Pelaku diamankan Tim Opsnal Unit Reskrim Polsek Kinali saat tertidur di sebuah pondok di kawasan Sungai Paku, Rabu (22/7/2026) sekitar pukul 06.30 WIB. Ketika hendak dibekuk, ia sempat berusaha melarikan diri.
Kapolsek Kinali AKP Feri Yuzaldi mengatakan, penangkapan itu dilakukan personel di lapangan yang dipimpin Ipda Edo Perdana. Ia menyebut petugas bergerak cepat hingga pelaku berhasil diamankan.
“Berkat kesigapan personel di lapangan yang dipimpin Ipda Edo Perdana, pelaku berhasil diamankan dan langsung dibawa ke Mako Polsek Kinali,” ujar Feri.
Buyung Puleh masuk dalam daftar target operasi (TO) Operasi Sikat 2026. Polisi sempat kesulitan melacak keberadaannya karena pelaku kerap berpindah tempat.
Dari pemeriksaan awal, pelaku mengakui pencurian di rumah milik Azri Handoko pada Senin (1/6/2026). Ia diduga masuk dengan memanjat dinding kayu lalu merusak rangka atap rumah.
Setelah itu, pelaku membawa kabur satu unit tangki semprot elektrik dan satu mesin pemotong kayu melalui pintu dapur.

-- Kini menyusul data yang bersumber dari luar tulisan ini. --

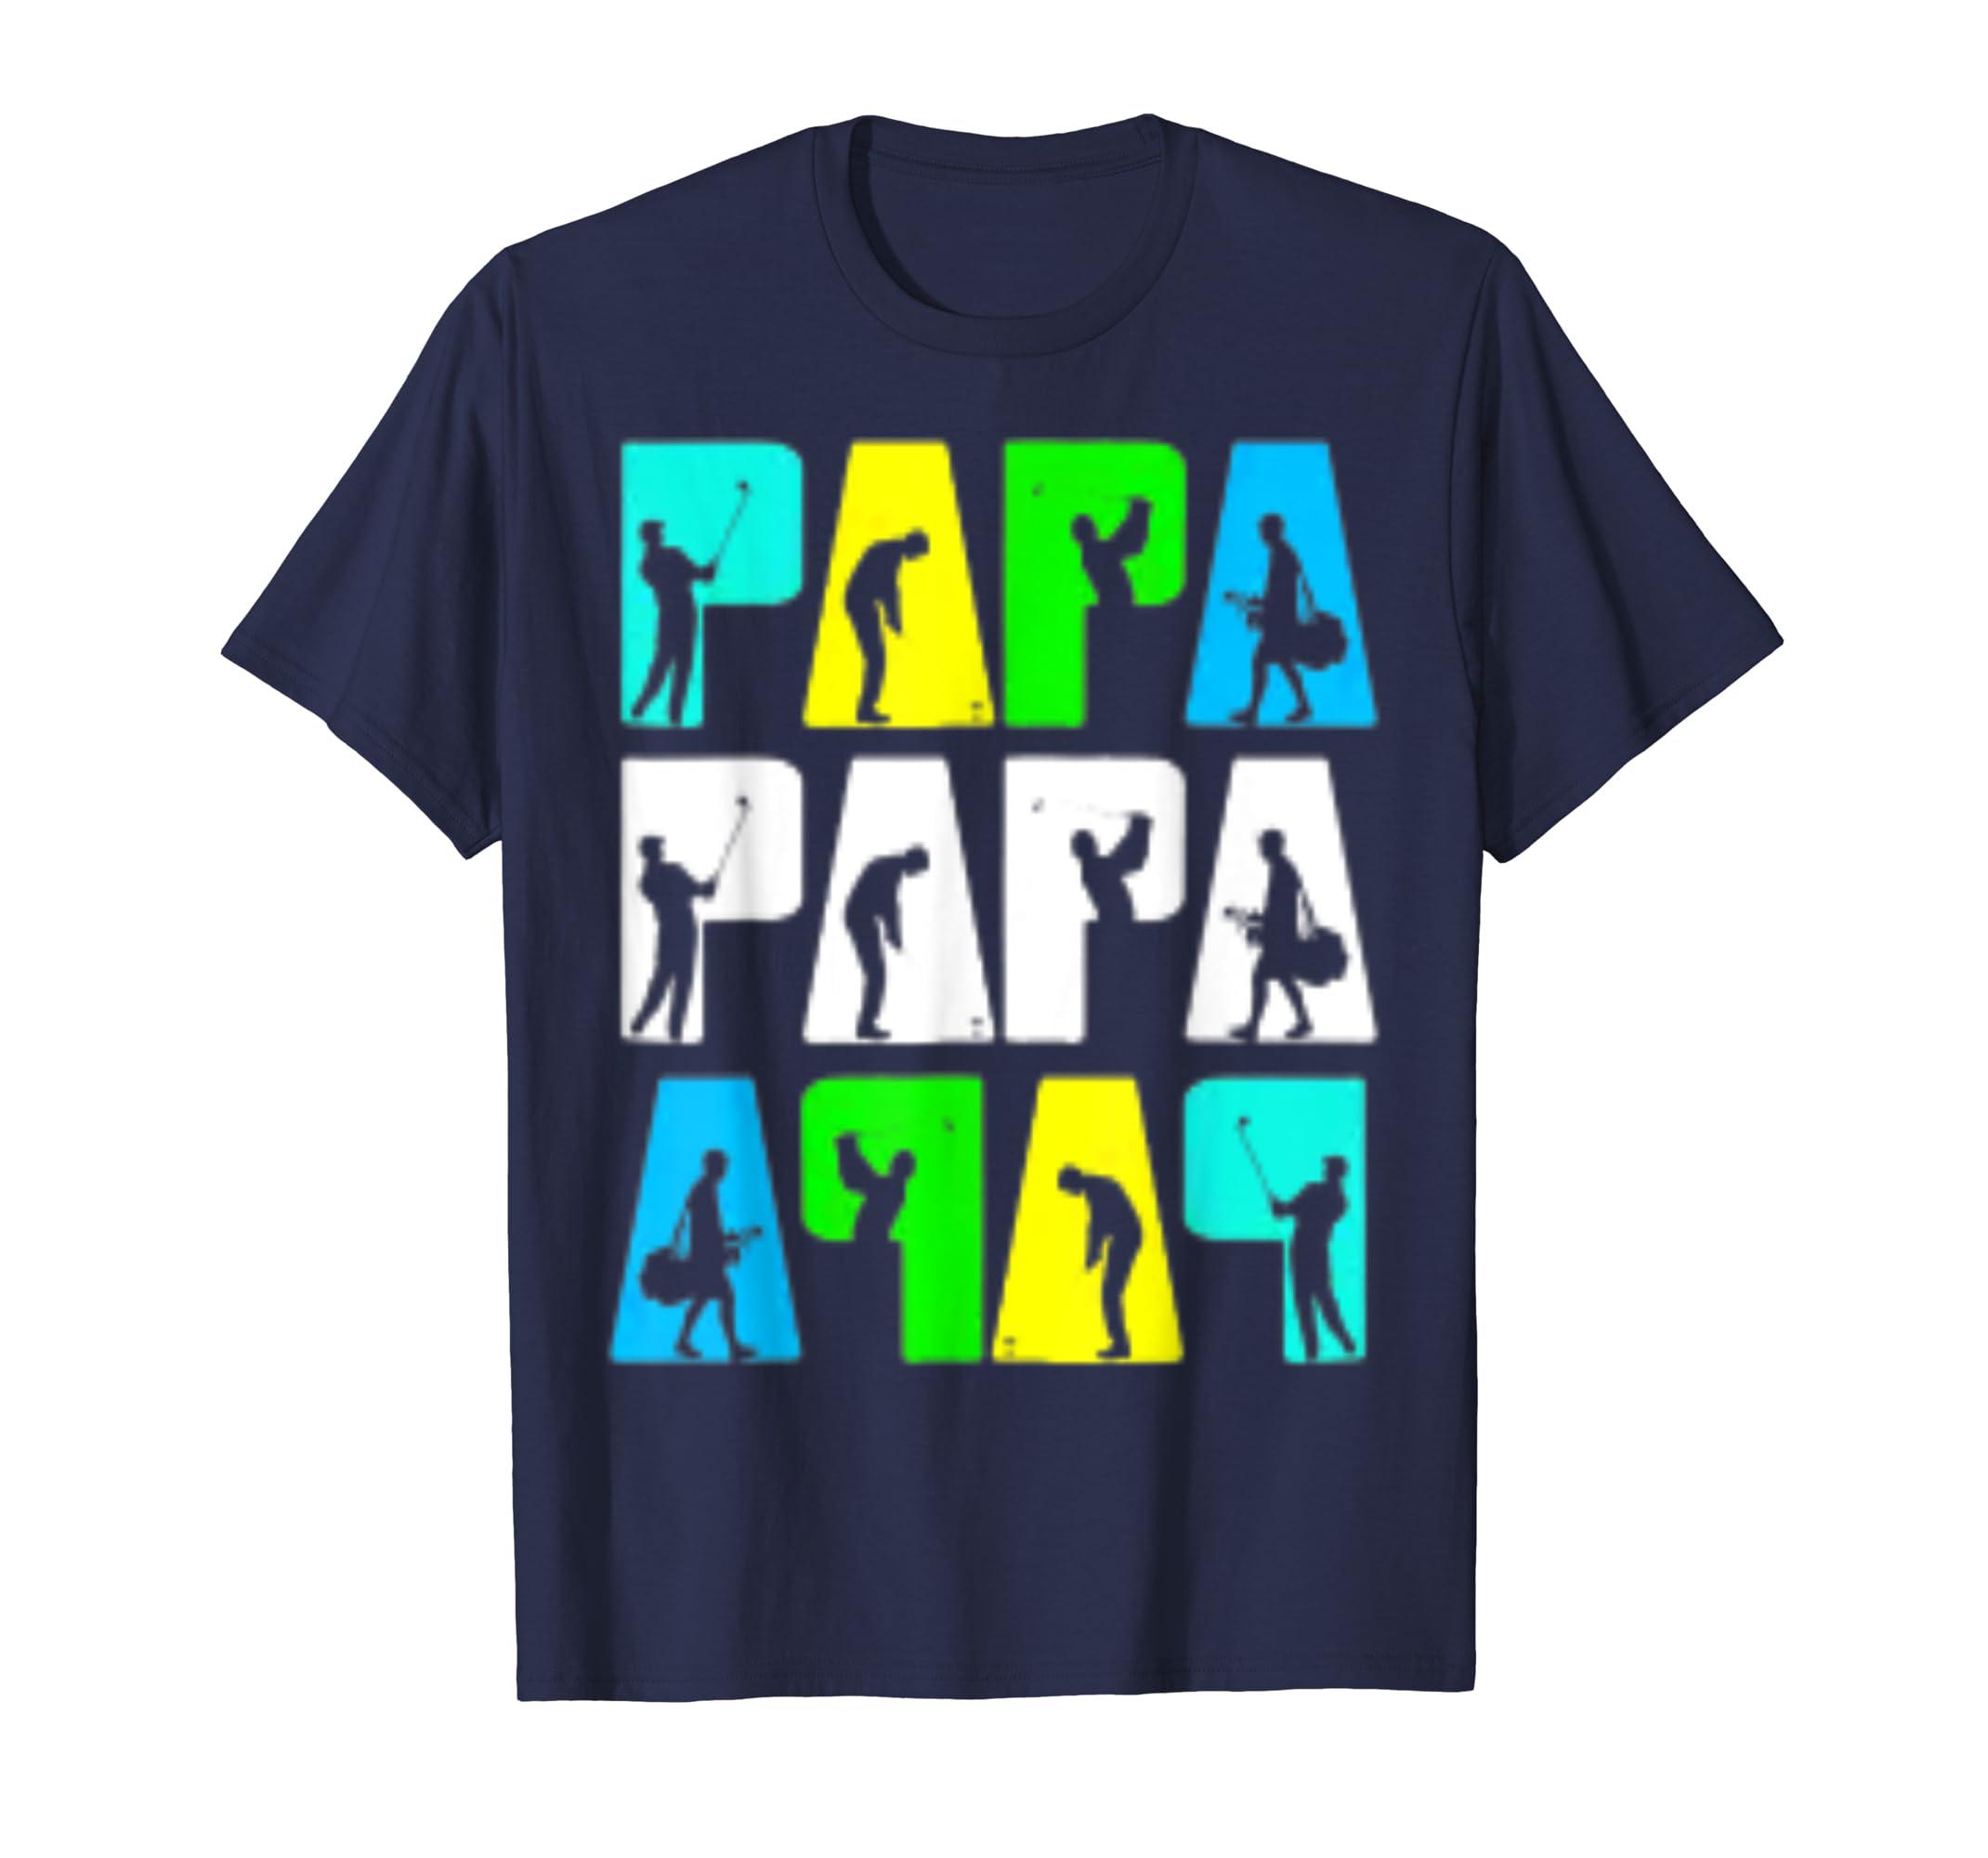 d871f5da Amazon.com: Retro Golfing Papa Tee Shirt. Golf Gifts For Fathers Day:  Clothing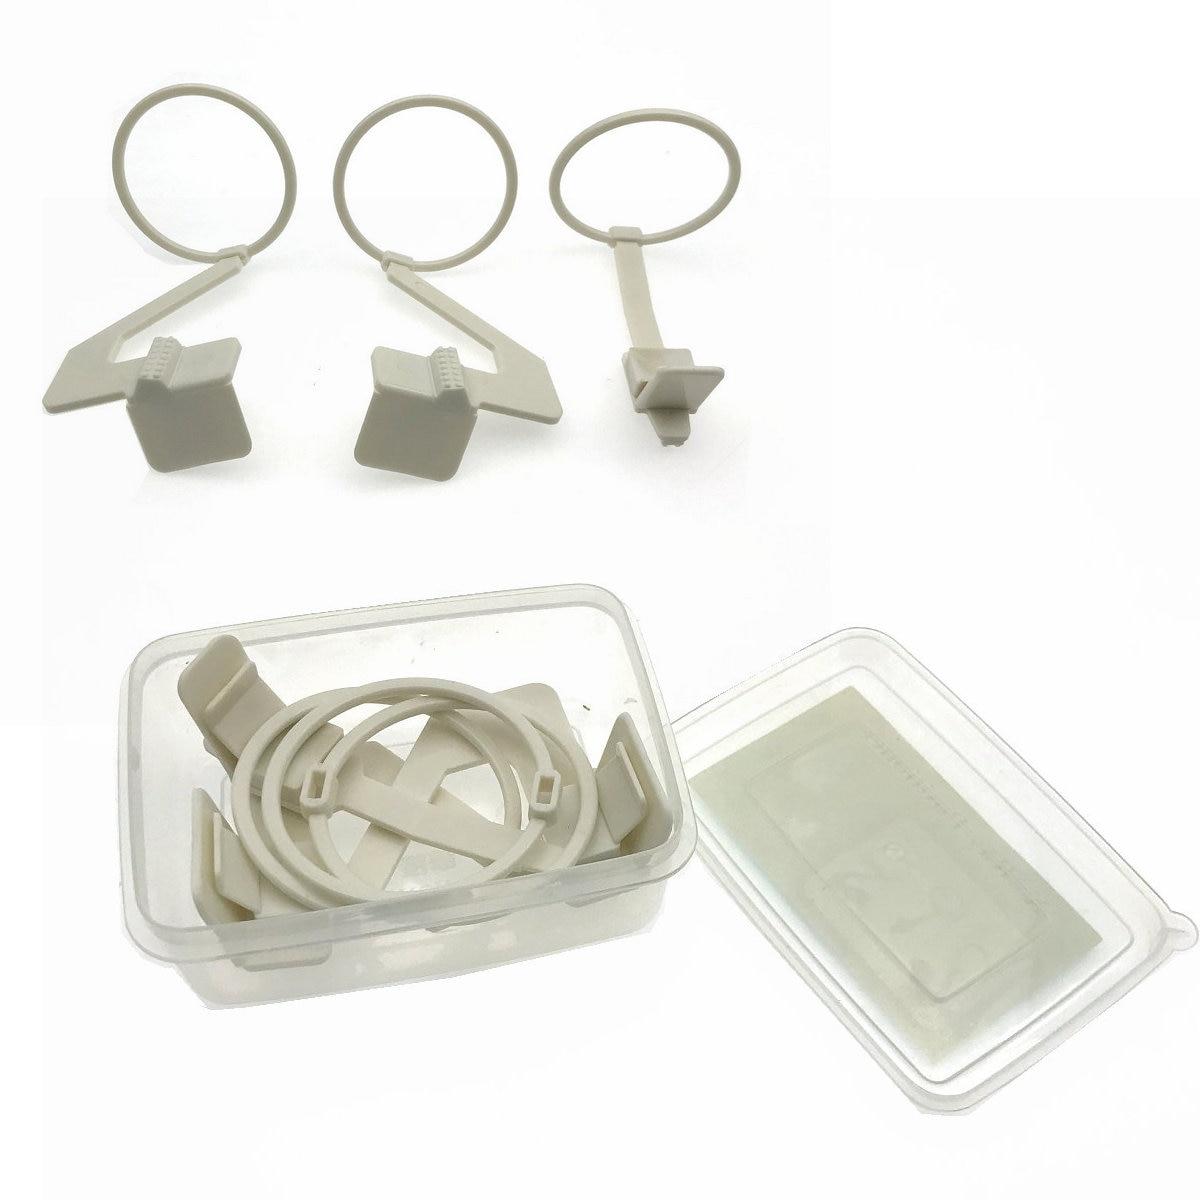 1 Set Dental X-ray Film Positioning System Sensor Positioner Holder Locator1 Set Dental X-ray Film Positioning System Sensor Positioner Holder Locator

Kasus ini terungkap setelah polisi menerima informasi dari warga mengenai adanya penjualan barang curian dengan harga murah.
Penyidik juga masih mendalami dugaan keterlibatan pelaku dalam pencurian telepon seluler di lokasi yang sama.
“Kami masih meminta keterangan para saksi maupun korban untuk mengungkap secara terang perkara ini,” kata Feri.
Dari hasil pemeriksaan sementara, uang hasil kejahatan disebut digunakan pelaku untuk membeli narkotika, berjudi daring, dan minuman keras.
Penangkapan itu disambut positif warga setempat karena aksi pelaku dinilai telah mengganggu ketenteraman lingkungan.
Atas perbuatannya, pelaku dijerat Pasal 477 ayat (2) UU Nomor 1 Tahun 2023 tentang KUHP dengan ancaman hukuman maksimal sembilan tahun penjara.